The British death metal/grindcore band's sessions feature thundering toms, rapid-fire double bass, crunchy guitar riffs from the beginning of "Forgotten Existence"—recorded in 1988—to the last note of "Lost Souls Remain"—recorded two years later as part of the second in-studio performance. The Bolt Thrower sessions, along with Peel's sessions with Napalm Death marked the first major surge of public interest in grindcore, and surely inspired plenty of future musicians in the process.
The Peel Sessions proved to be a playground for Nirvana. In their first of three sessions, recorded in 1989, the grunge pioneers played covers of Devo's "Whip It" B-side, "Turn Around," The Wipers' "D-7" and two tracks by The Vaselines. And their final session in 1991 features an alternative version of "Endless, Nameless" and a groovier take on "Drain."
The Nirvana sessions are also a testament to the notoriety Peel's show was gaining at the time. Despite being located on the other side of the Atlantic, Peel's reputation got him added to several US record mailing lists, back when it was more difficult and costly to send out demos around the globe.
Throughout the sessions, Peel befriended the band. At the group's second time playing the Reading Festival, Cobain told the DJ's children that they could sit behind the band for the duration of their headlining set. After the frontman's untimely death in 1994, Peel compared his loss to that of losing a family member, and said his daughter stepped off the school bus that day with tears in her eyes.
Several New Order Peel Session recordings have been put out over the years, including a comprehensive compilation of the band's complete Peel Sessions called In Session—released only a few months before Peel's death—and an EP of the band's first session, which doubles as Strange Fruit's first release. However, the 1990 release The Peel Sessions (New Order) offers a special look into the early stages of the band attempting to gain their footing in the wake of Ian Curtis' death and the dissolution of their previous group Joy Division.
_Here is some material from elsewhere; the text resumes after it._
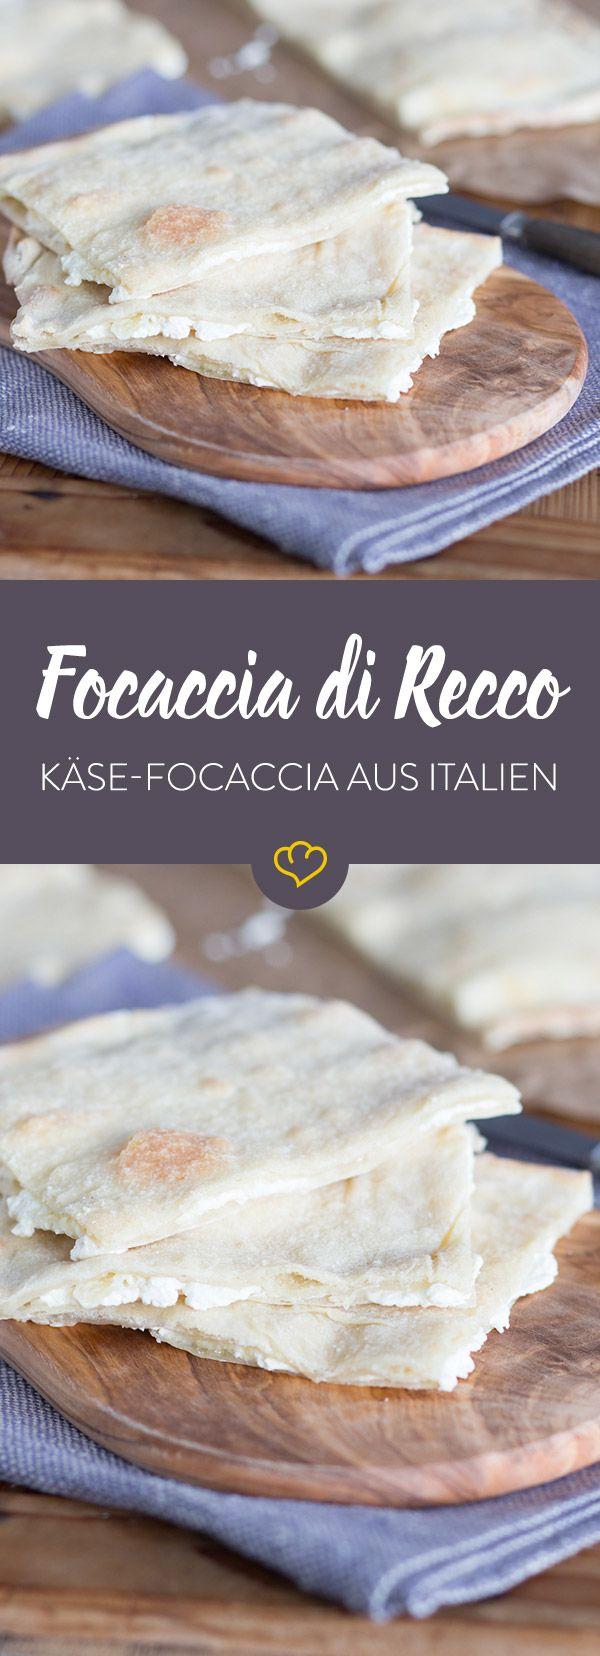 Die Focaccia mit der Käsefüllung kommt ursprünglich aus dem Ort Recco in Ligurien und ist dort eines der beliebtesten Streetfoods.

The record is made up of recordings from two sessions, one in 1981 and the other in '82. For the band's second Peel session, the group paid tribute to Curtis by playing on of his favorite songs, Keith Hudson's "Turn the Heater On." They also knocked out versions of "5-8-6" and "We All Stand," which would later appear on the group's second album Power, Corruption & Lies.
Even as his career neared its end, Peel upheld his status as a hungry music listener, constantly on the prowl for new acts. In the 2000s, few artists who passed through Peel's studio caught his ear like The White Stripes. After his death, a box that Peel stored some of his most heartfelt records in was recovered, and it was revealed to have 11 records by The White Stripes, more than any other group in the box.
The Detroit garage-rockers hit Peel's studio twice, each time in support of their 2001 album White Blood Cells. Both sessions were compiled and released in 2016 via Jack White's Third Man Records in celebration of Record Store Day. However, bootlegs have been passed around since the initial recordings aired.
Over the course of their unusually lengthy sessions, the duo ripped through now-classics like "Hotel Yorba," "Dead Leaves and the Dirty Ground," and "I'm Finding It Harder to Be a Gentleman," as well as covers of Loretta Lynn's "Rated X," Blind Willie McTell's "Lord, Send Me an Angel," and the group's version of Dolly Parton's "Jolene,", which appeared on the Japanese version of White Blood Cells and as the B-side of the "Hello Operator" single.